▶ Your instructions
Before you return the lines below, strip out any images and keep every word as written.

▶ Raw data

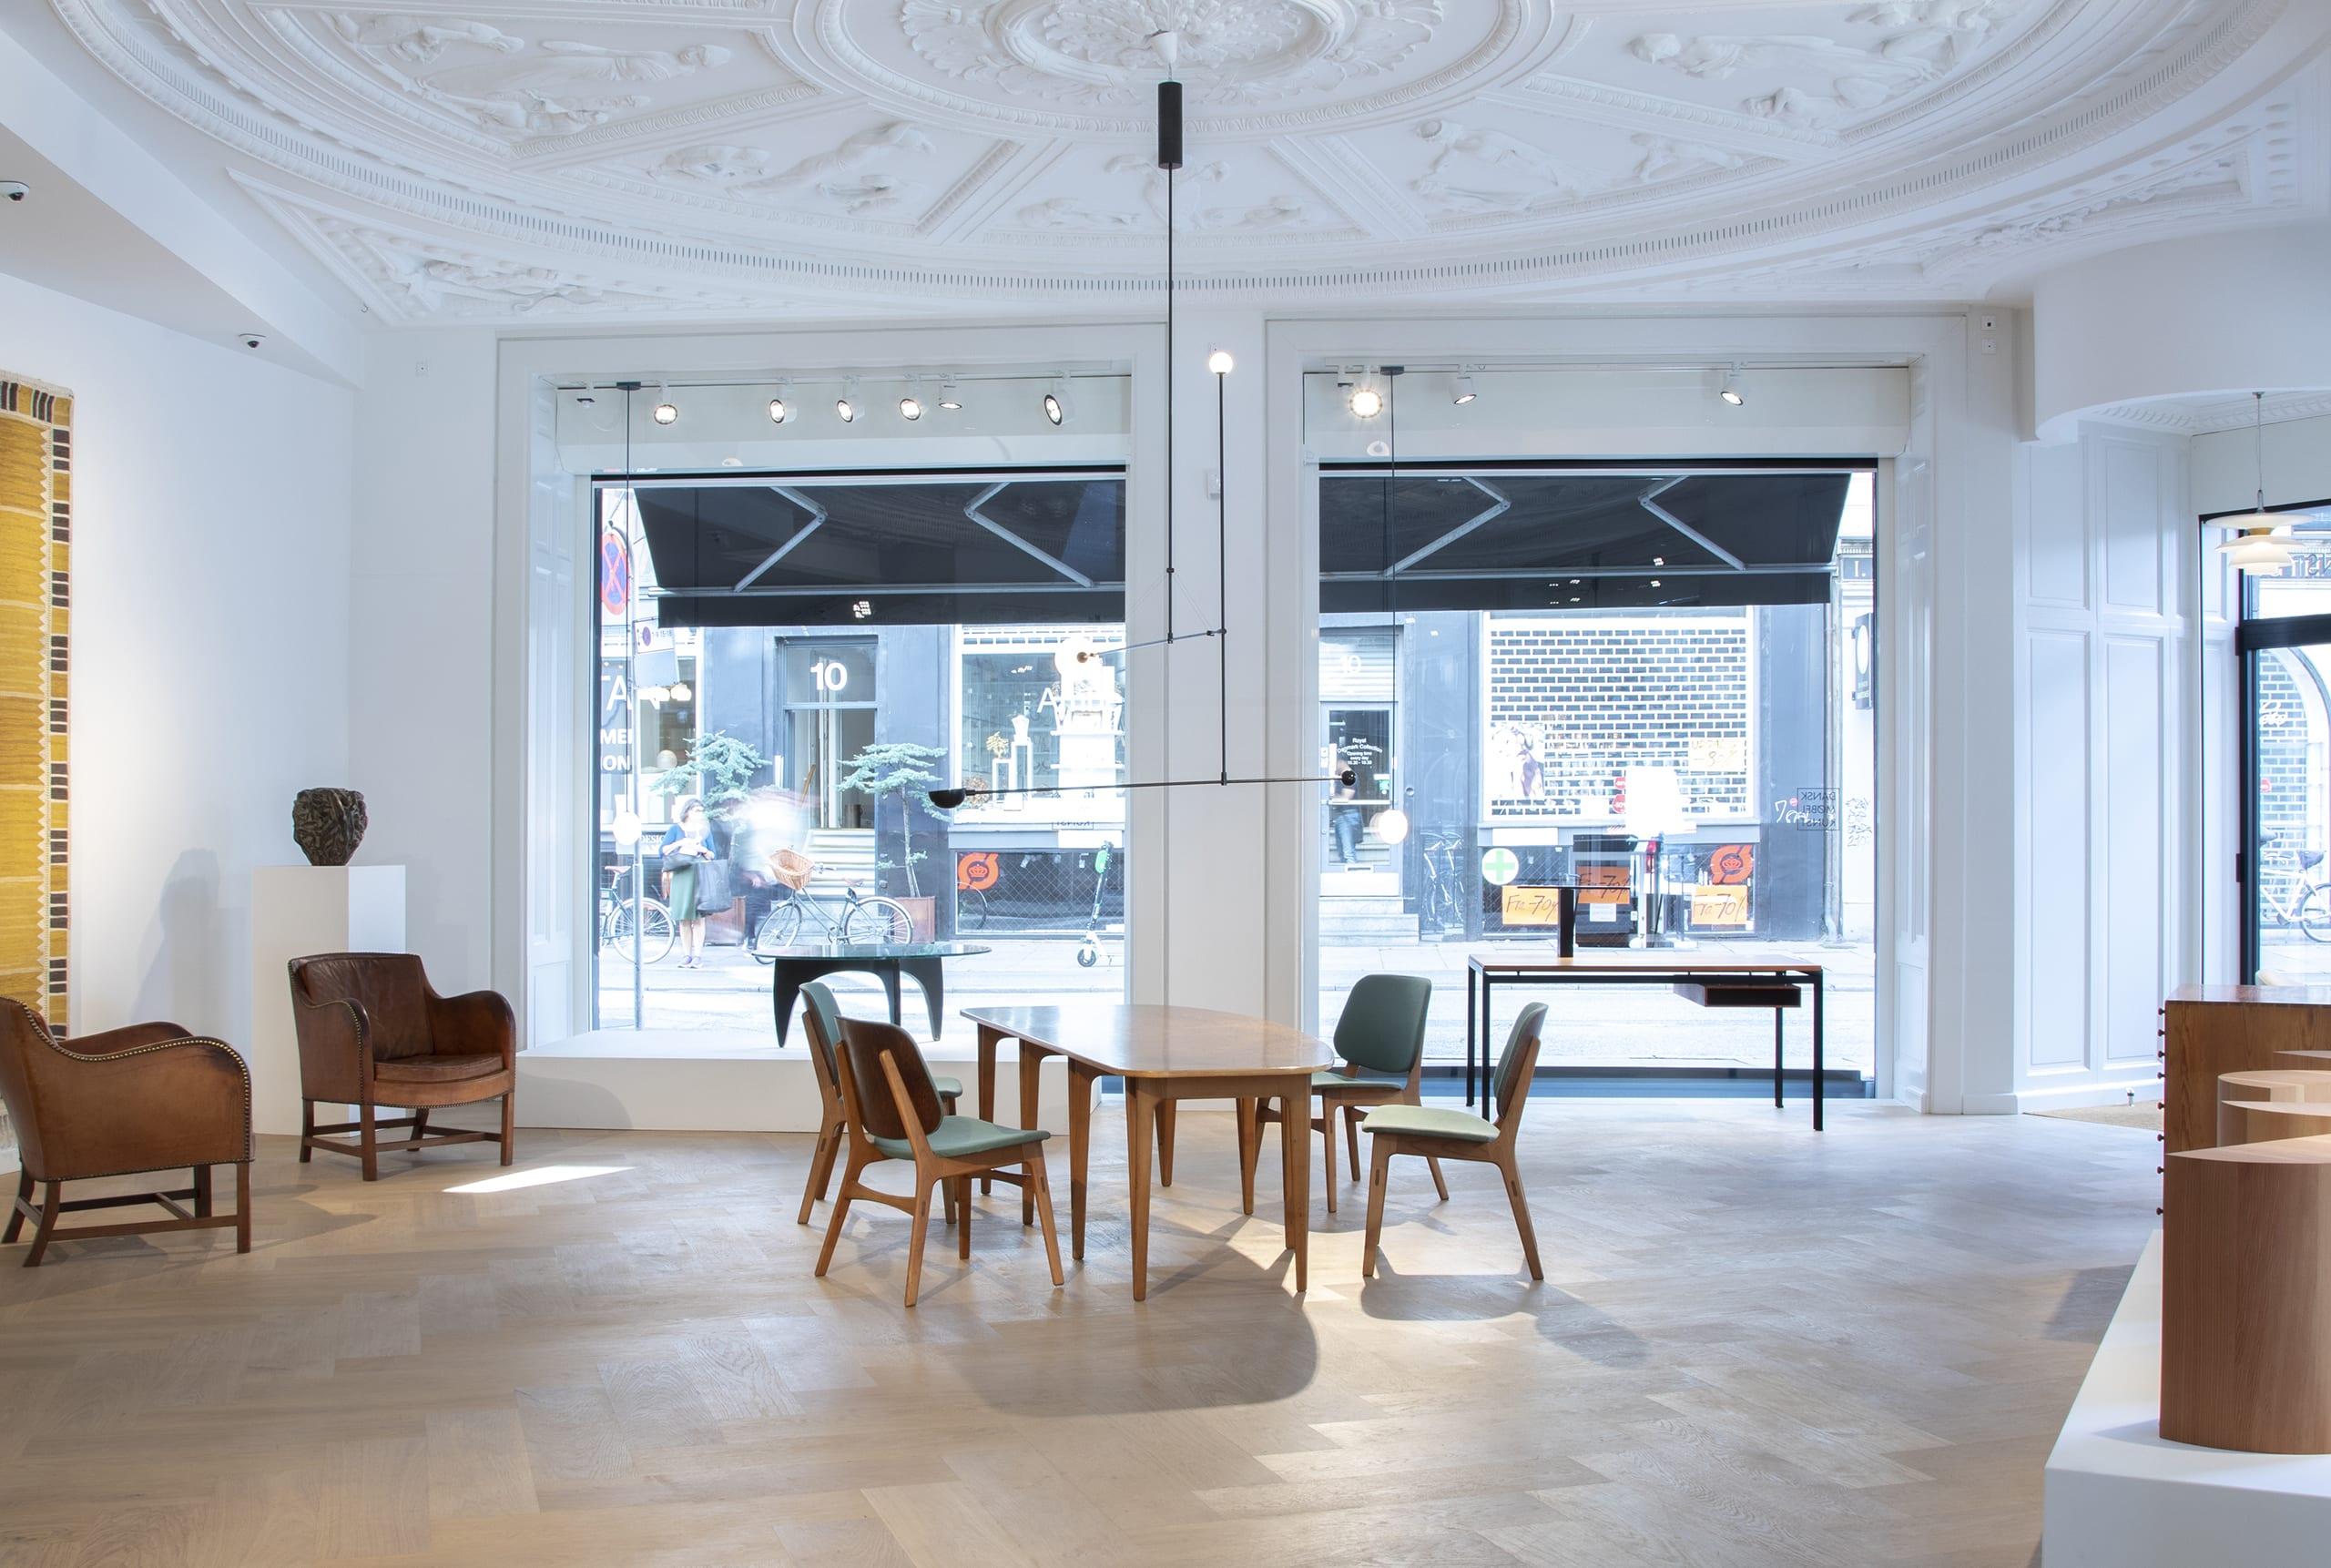 Copenhagen Gallery - Michael Anastassiades and original works of Nordic design by Dansk Møbelkunst
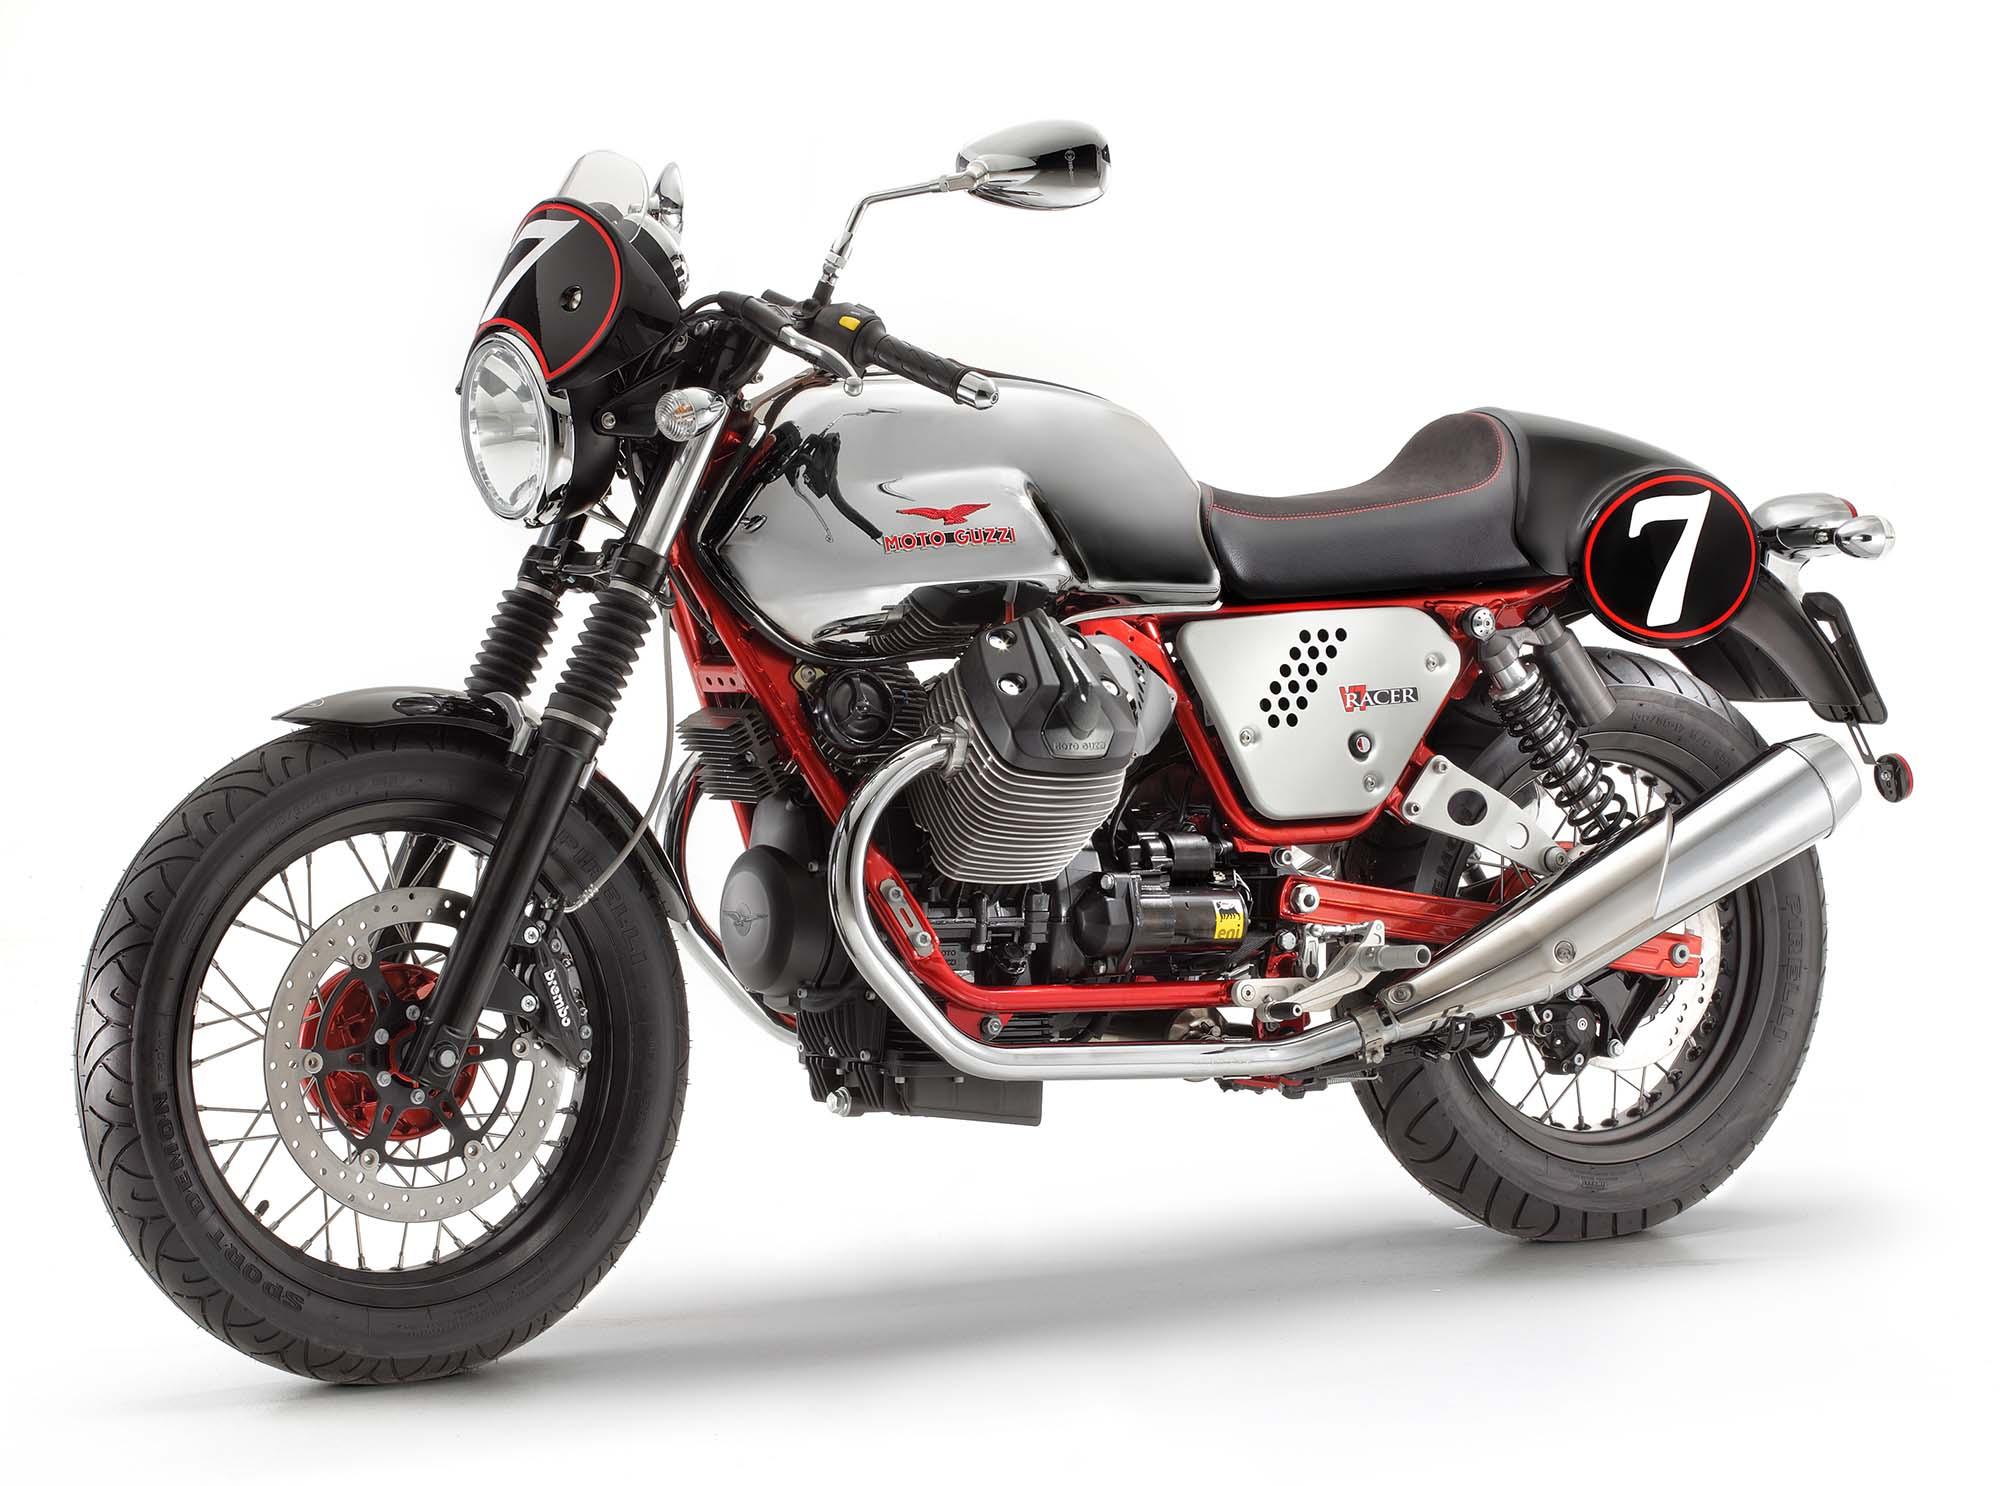 three moto guzzi v7 models coming to america for 2013 asphalt rubber. Black Bedroom Furniture Sets. Home Design Ideas
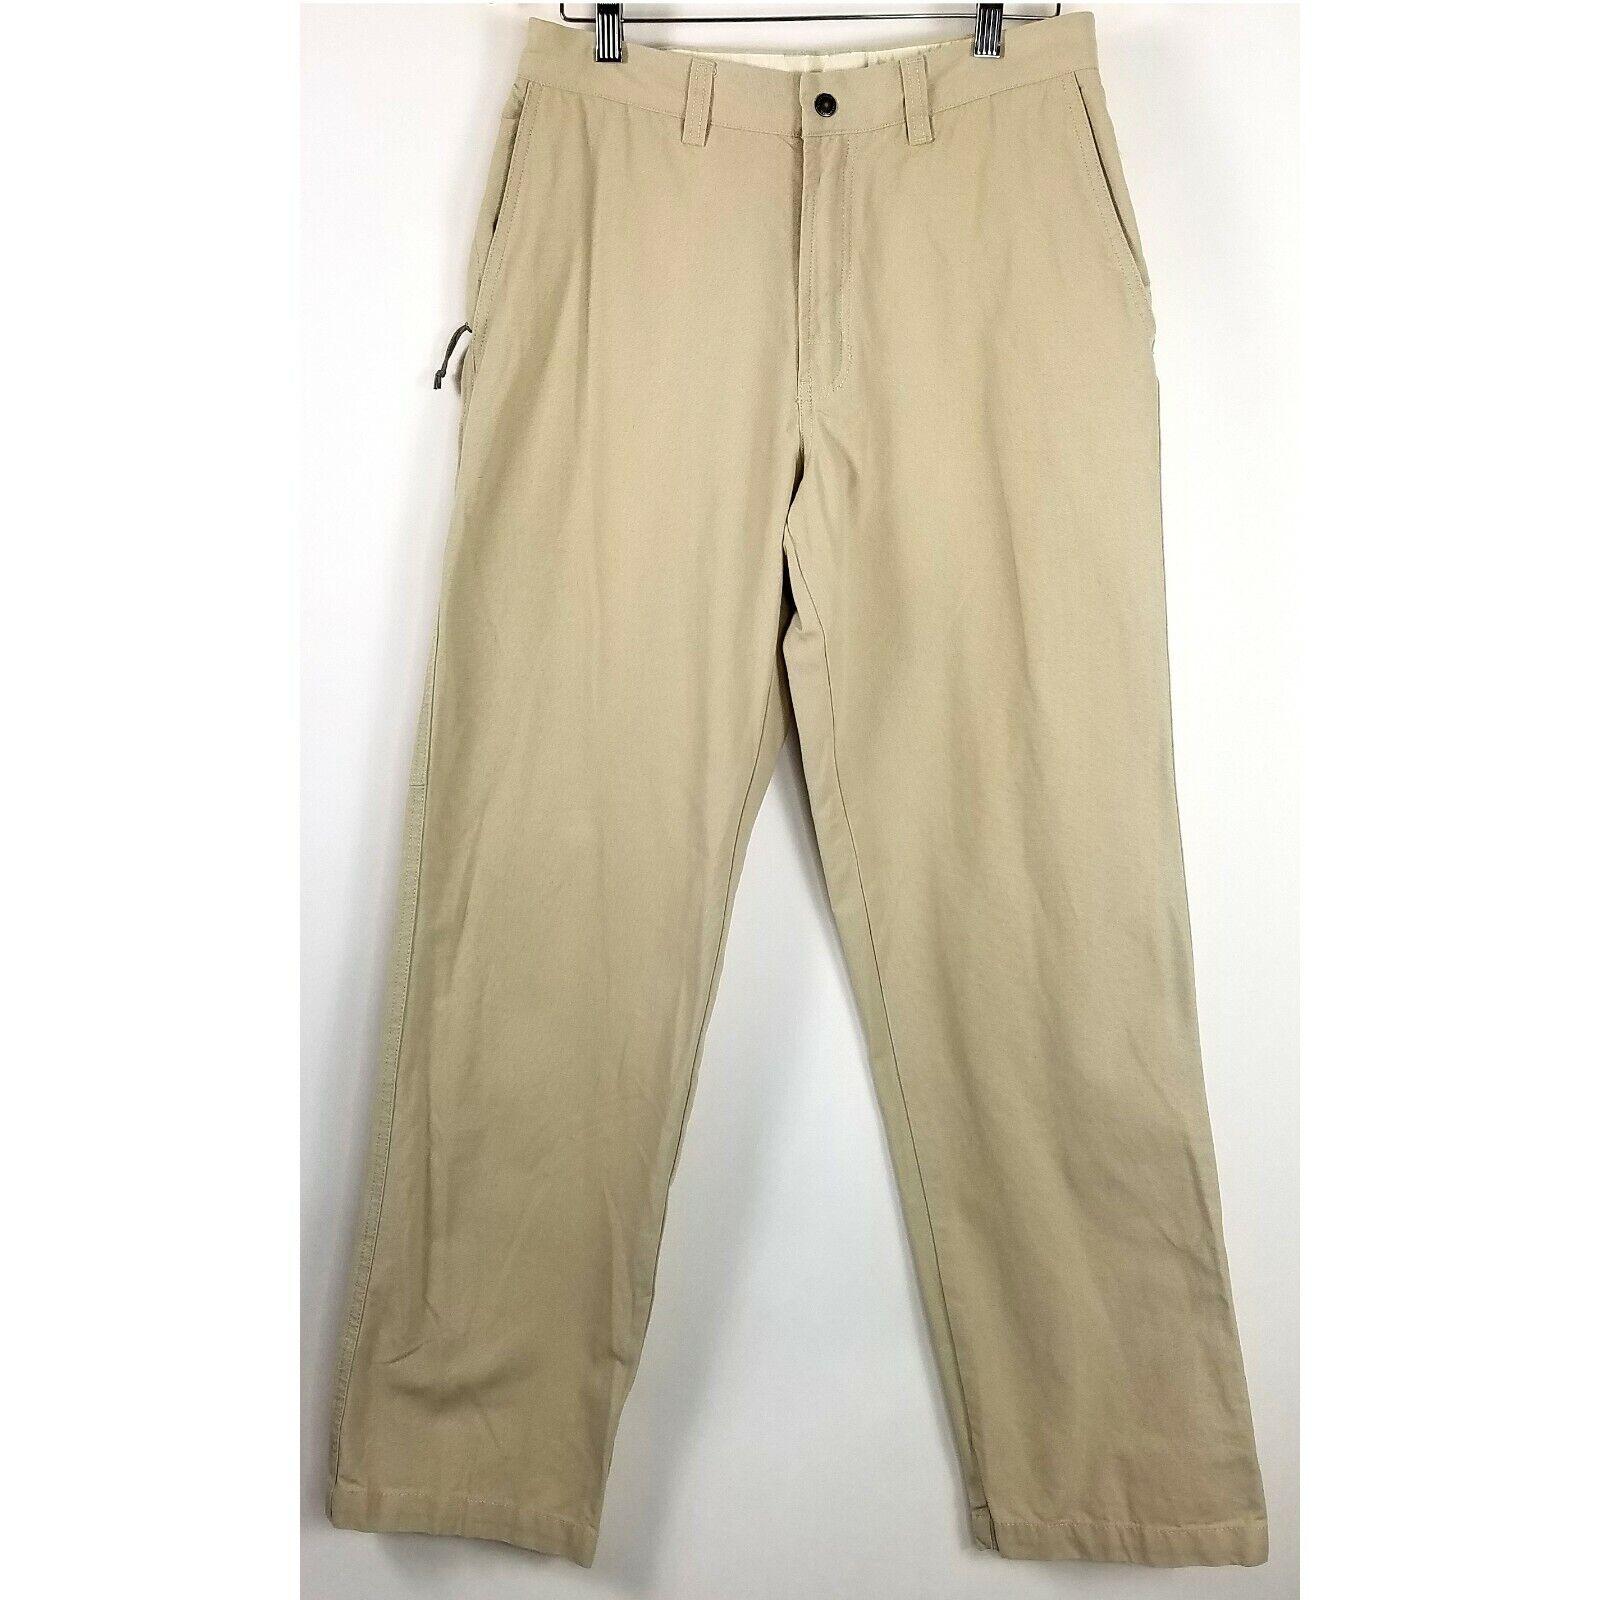 Columbia Mens Khaki Pants 8 oz. Stone Washed Granite Cloth Fabric Size 32 32

▶ Answer
 Copenhagen Gallery - Michael Anastassiades and original works of Nordic design by Dansk Møbelkunst
 three moto guzzi v7 models coming to america for 2013 asphalt rubber. Black Bedroom Furniture Sets. Home Design Ideas
 Columbia Mens Khaki Pants 8 oz. Stone Washed Granite Cloth Fabric Size 32 32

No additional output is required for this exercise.